Die Probleme der Welt, die die Industriestaaten zu einem guten Teil über kolonialistische Spätfolgen, ungerechte Weltwirtschaftsbeziehungen oder geopolitischen Egoismus mitverursacht haben, können sie sich nicht durch hohe Grenzzäune vom Leibe halten, jedenfalls nicht auf Dauer. Die momentan im medialen Windschatten liegende Flüchtlingskrise an der EU-Außengrenze in Griechenland zeigt das sehr deutlich. Sie wird durch Wegschauen nicht einfach verschwinden.
So ökologisch sinnvoll es also ist, die an vielen Stellen übertriebene Vertiefung der weltwirtschaftlichen Arbeitsteilung zurückzuschrauben, so notwendig ist es zugleich, am Ziel einer Schaffung fairer und nachhaltiger Welthandelsstrukturen festzuhalten. Auch hier hat die Politik nach hoffentlich baldiger Überwindung der Corona-Krise ein übervolles Aufgabenheft, von einem wirksamen Lieferkettengesetz bis zum „Marshallplan mit Afrika“, von fairen Handelsverträgen bis zum Schutz nachhaltiger Binnenwirtschaften vor billigen Importprodukten, die auf Ökodumping fußen.
Eine wichtige Krisenlehre für die Nachhaltigkeit: Sorgearbeit und Erwerbsstreben gut ausbalancieren!
Als größte Quelle für eine nachhaltige Zukunftsgestaltung könnten sich aber die unmittelbaren Krisenerfahrungen selbst erweisen, die Menschen weltweit momentan machen, negative wie positive. Dazu gehört sicher die Erfahrung von Angst um die Lieben und das eigene Leben, um den Arbeitsplatz oder den eigenen Betrieb, denn Angst ist bekanntlich ein sehr starker Antrieb. Dazu gehören aber auch und vielleicht sogar vor allem das Erleben von Zusammengehörigkeit, Gemeinsinn und Zuwendung sowie die unfreiwillige Erfahrung von plötzlichem Zeitreichtum sowie Konsum- und Reichweitenbeschränkungen.

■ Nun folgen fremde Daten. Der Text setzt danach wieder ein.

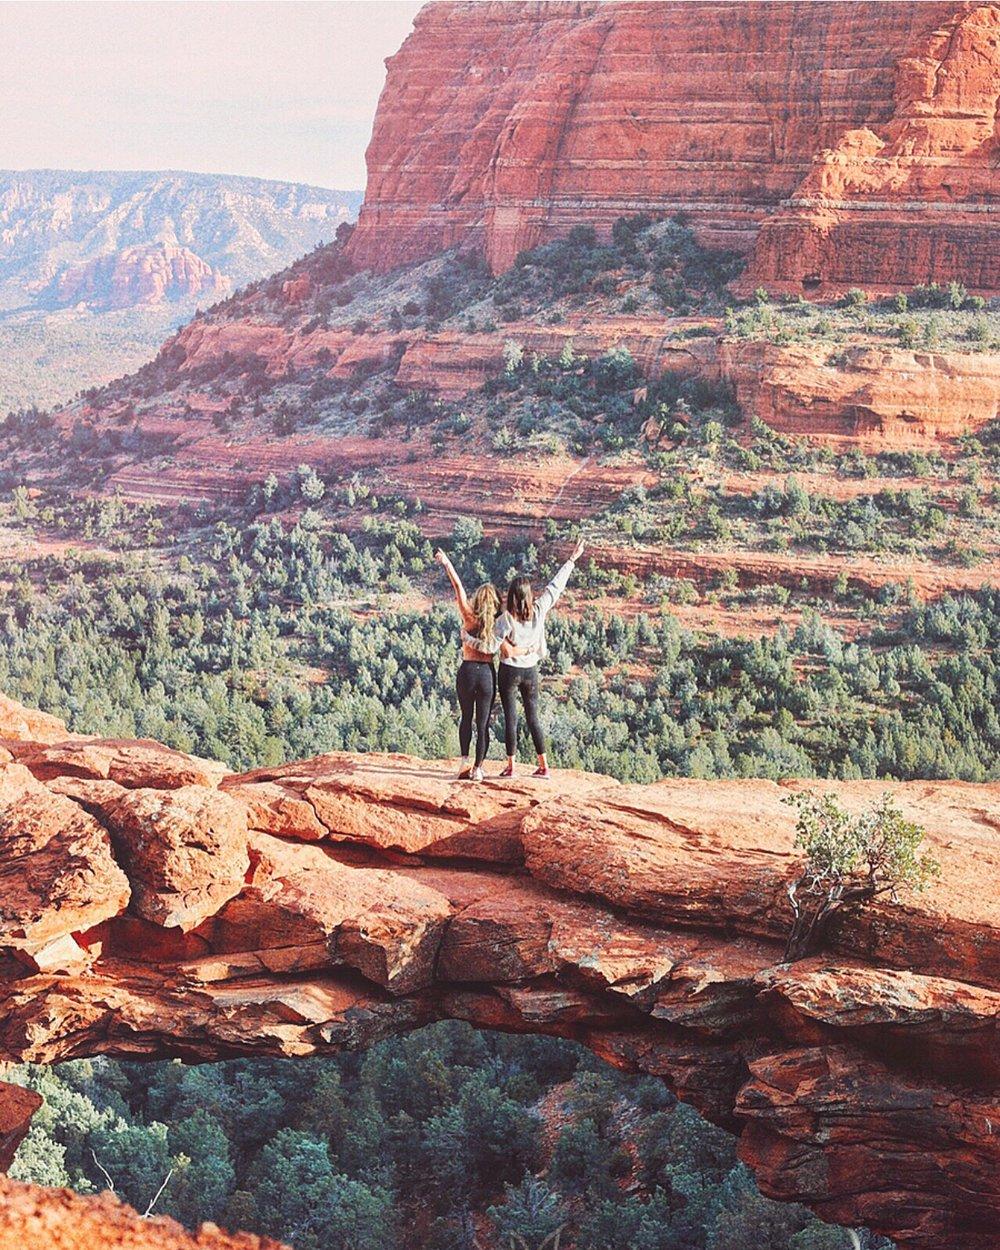 Devil's Bridge Hike Sedona Arizona - Kelly Wirht Photography

Es gehört zu den positiven Seiten der letzten Tage und Wochen, wie sehr die Wertschätzung für diejenigen gewachsen ist, die durch ihre Arbeit die Gesellschaft am Laufen halten, ob in Krankenhäusern, Pflegeheimen oder Supermärkten, im öffentlichen Nahverkehr, im Wasserwerk oder bei der Müllabfuhr. Wurde ihre Tätigkeit bis vor kurzem kaum wahrgenommen, so ist nun allerorten von „Helden des Alltags“ die Rede. Vor allem die Rolle der überwiegend von Frauen geleisteten Sorgearbeit rückt nun in den Mittelpunkt. Man kann nur hoffen, dass sich die warmen Worte bald auch in den Gehältern der „Heldinnen“ niederschlagen und im Gegenzug die Bezüge in den Managementetagen auf ein gesundes Maß schrumpfen.
Offenkundig wird in der Corona-Krise zugleich, dass Eigenarbeit, Familienarbeit und ehrenamtliches Engagement von vielen als positiv erlebt werden, weil sie der Entfremdung der Einzelnen von sich selbst und von ihrer Mitwelt entgegenwirken und soziale Resonanzbeziehungen stärken. Zur Wahrheit gehört jedoch auch, dass manche mit gewonnener Zeit, erzwungener Sesshaftigkeit und unfreiwilligem Konsumverzicht so ihre Probleme haben, worauf die Zunahme von häuslicher Gewalt auf traurige Weise hindeutet.
Insgesamt lässt sich aber mit hoher Plausibilität sagen, dass beide Formen der Sorgearbeit, die entgeltliche und die finanziell nicht entgoltene, in hohem Maße auch für Strategien der Nachhaltigkeit von Bedeutung sind. Vor allem nehmen sie kommerziellen Wachstumsdruck aus dem Wirtschaftssystem. Verkürzte Erwerbsarbeitszeiten und Grundeinkommenselemente können helfen, die Zeitsouveränität der Bevölkerung zu erhöhen und so die Voraussetzungen für eine gesunde Ausbalancierung von Erwerbszeiten und Eigenzeiten zu schaffen. Gut erkennbar wird in der Krise auch: Sinnstiftende und befriedigende Arbeit kann Kräfte freisetzen, wenn es darauf ankommt.